The Maine Sportsman - New England's Largest Readership Outdoor Publication

Downeast Hunting Report: November 27, 2007

Most everyone is a collector or appreciates some form of items from the past. Whether it is dolls, paintings or hunting and fishing equipment, quality is evident and appreciated and admired. Recently while talking to an antique dealer, we both were speculating, what items of today are going to be collectables in 25 or 100 years from now? We are in the quick fix and throwaway generation. Most of the sporting good collectables from the past were made for a specific market and came in different grades with options, chokes, barrel lengths, etc. Coming from times when money was tight, if you bought it had to have a use, not to become a closet queen firearm or a dust catcher in the cellar.

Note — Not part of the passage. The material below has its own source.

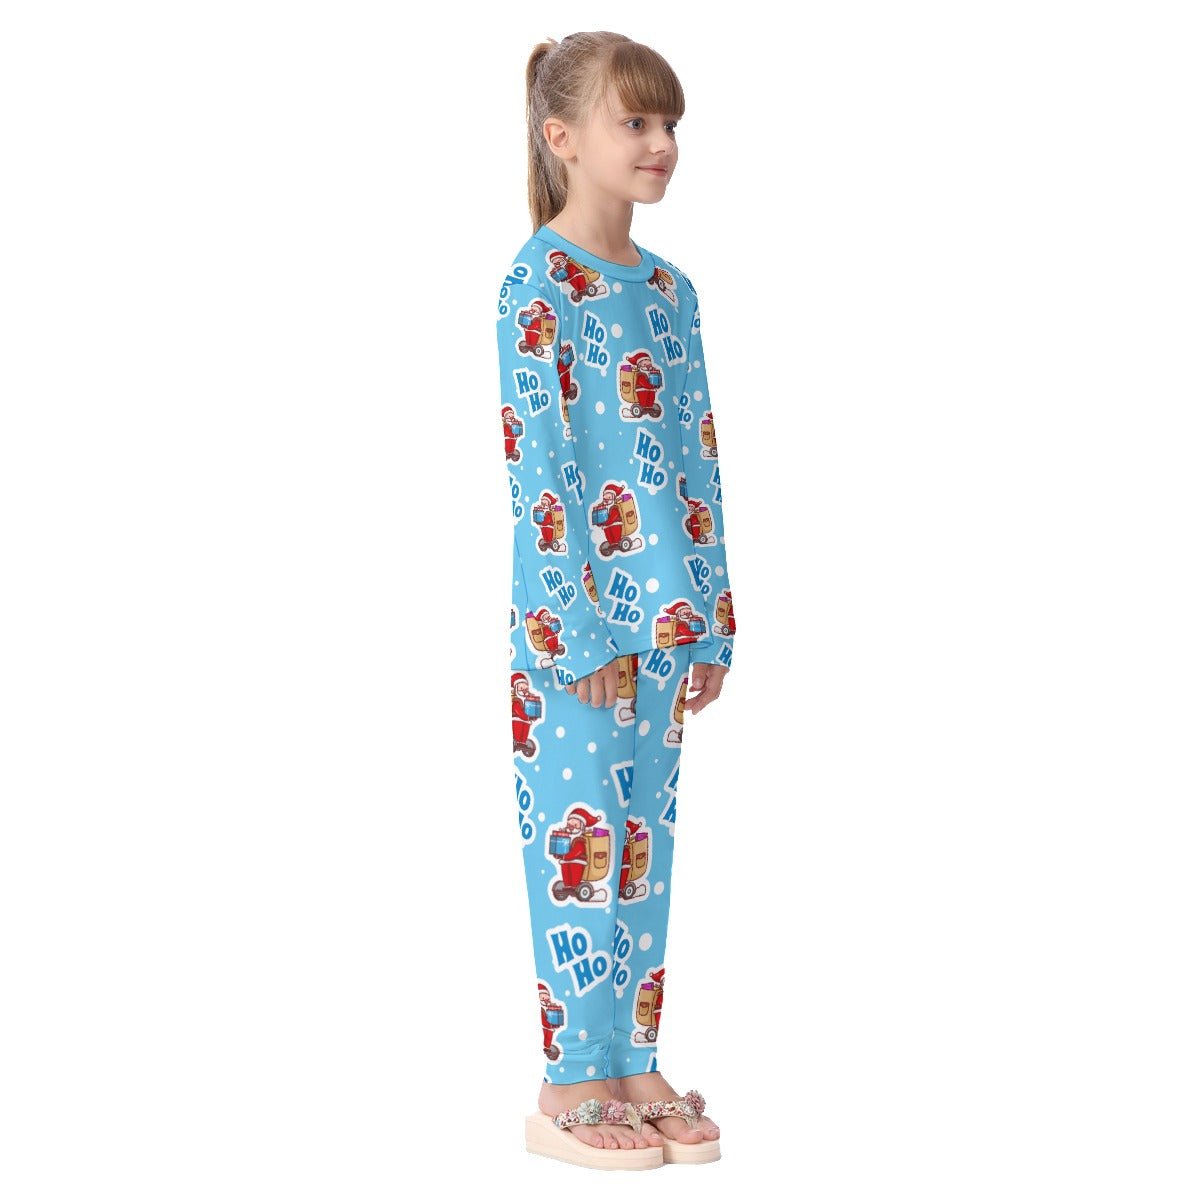 Kids Christmas Pyjama Set - Light Blue "Ho Ho" - Festive Style

Having all this in mind, while walking thru the sporting goods department in the different big box stores, I look up and down the aisles I try to imagine, what would take someone’s breath away 50 years from now. Everything is plastic, rubber or who knows what and mostly made overseas. If you were going to make a sporting goods time capsule for them for 2060, what would you put in it?

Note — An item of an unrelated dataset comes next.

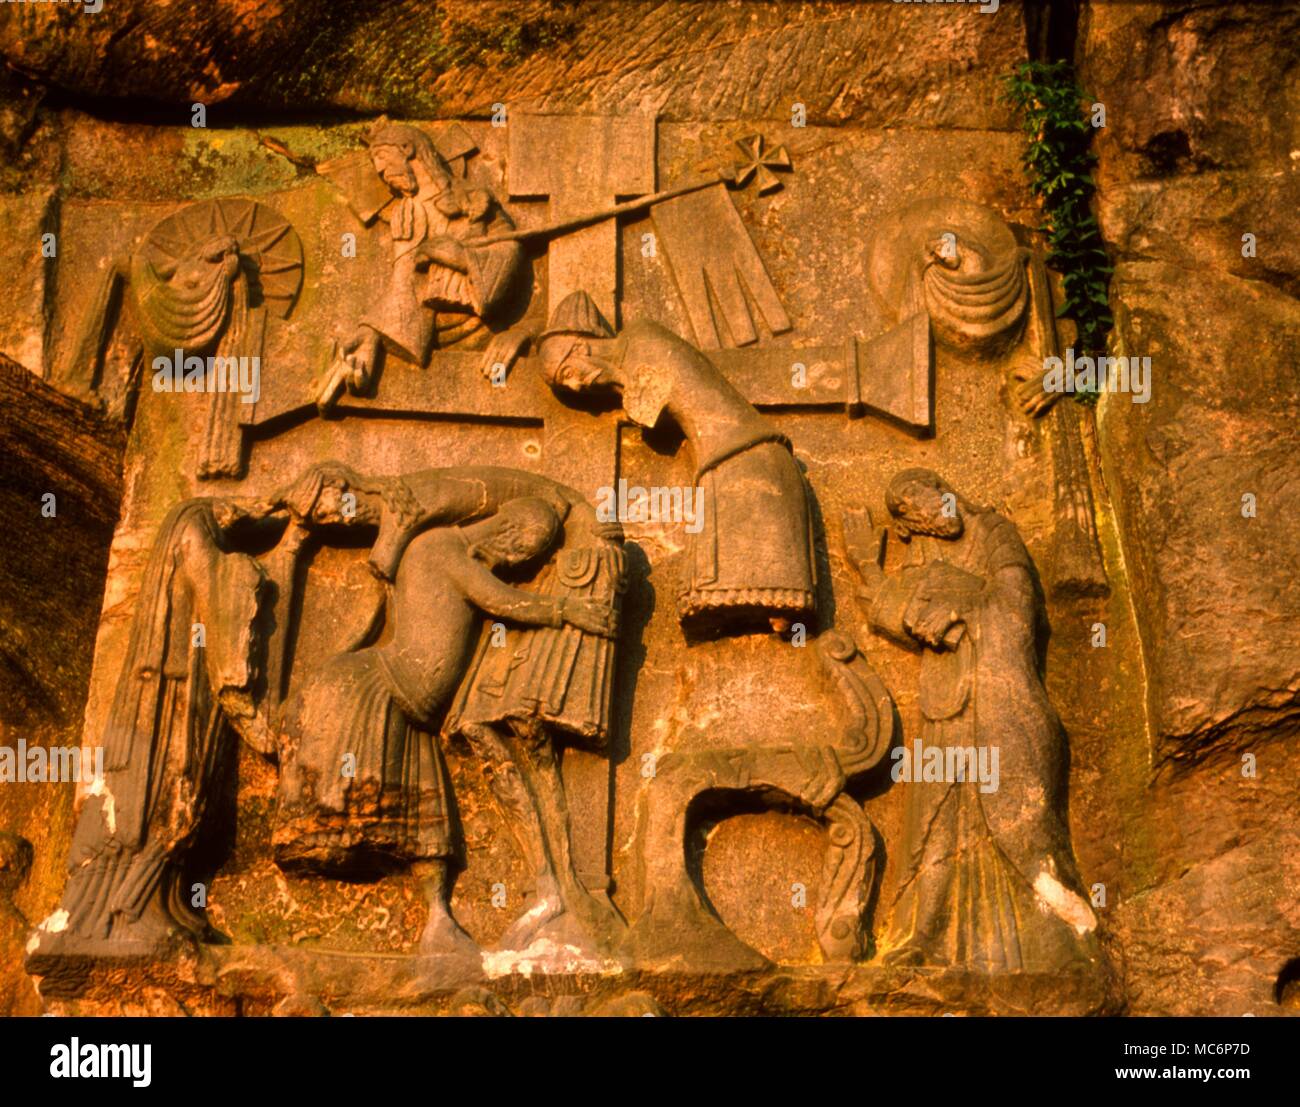 Das Relief auf der Exernsteine rock depics Christus vom "Baum" als Version des Odin Mythos angehoben wird. Am Fuße der Szene, der Urminsul, der alte Baum des germanischen Mythos, Biegungen in der Ehrerbietung. Stockfoto

Everything is driven by the current demands, composite stocks and stainless steel barrels are great for adverse hunting conditions, much like the current military arms. What if you want something to use on “nice” days, wood on a firearm that has great burl and the metal has fiery casehardening on the frame and deep rust bluing on the barrel or, comparing a vintage bamboo fly rod to a current graphite production model. You don’t see current makers selling two tips with their rods.


Definitely, “beauty is in the eyes of the beholder”, when your grand kids ask, why didn’t you put some of those away, what will they be talking about?